Theresa May has said the British government is examining the operation of the US-Canadian border as it seeks a solution to the Northern Ireland border problem.
Speaking to the Commons on Monday, the prime minister repeated her position there would be “no hard border” on the island of Ireland after Brexit.
“There are many examples of different arrangements for customs around the rest of the world, and indeed we are looking at those, including for example the border between the US and Canada,” the prime minister said.
Shadow Brexit minister Jenny Chapman told MPs the border between Canada and America was not an example of the “soft frictionless border” that the prime minister has said she wants.
“There are guns and armed customs guards on that border.

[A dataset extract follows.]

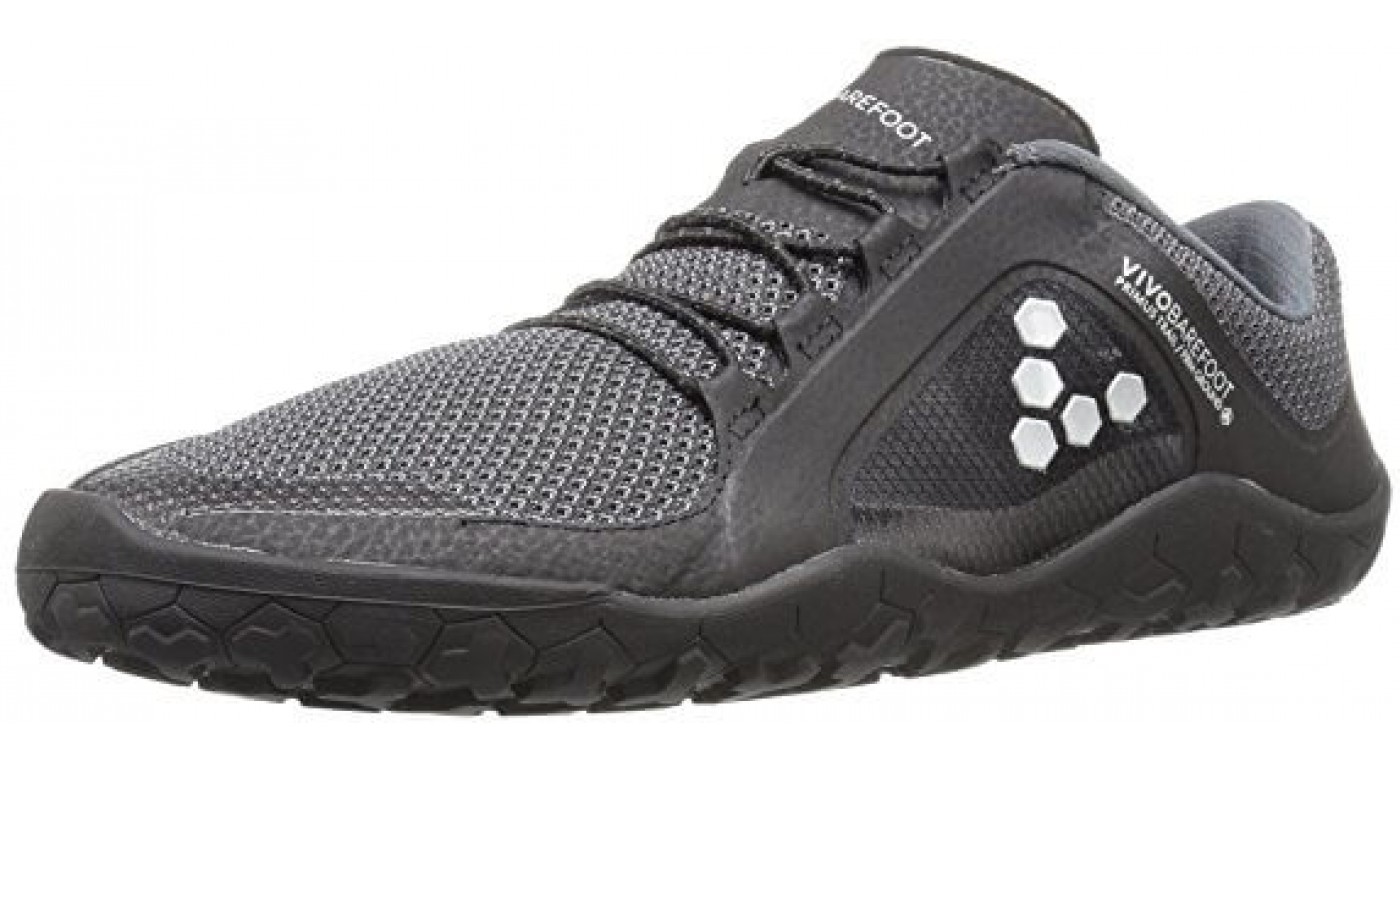 The Vivobarefoot Primus Trail FG is made with a breathable mesh to keep your foot cool

Surely that is not what she has in mind?” Chapman said.
Both the UK and EU have said they want to avoid a so-called hard border amid fears it could endanger the Good Friday Agreement.
Brussels has said Northern Ireland should effectively remain in a customs union and single market after Brexit to avoid border checks.
However May has flatly rejected that plan as it would create a border between Northern Ireland and the rest of the UK.
May told MPs today the government was looking at border arrangements “in a number of countries around the world” and that “innovative solutions” could be found.
The prime minister said it was wrong for Labour MPs to suggest the UK could “only adopt something if someone else is already doing it”.
Several Canadian MPs had been in parliament to watch May address MPs on Monday.
Irish Prime Minister Leo Varadkar dismissed in 2017 the idea the US-Canada border could be a model for Northern Ireland after Brexit.
Simon Coveney, Ireland’s deputy prime minister, yesterday warned he was “not sure that the European Union will be able to support” the UK’s plan to avoid a hard border.
Boris Johnson has suggested the border between Northern Ireland and Ireland was comparable to the boundary between Camden and Westminster in London.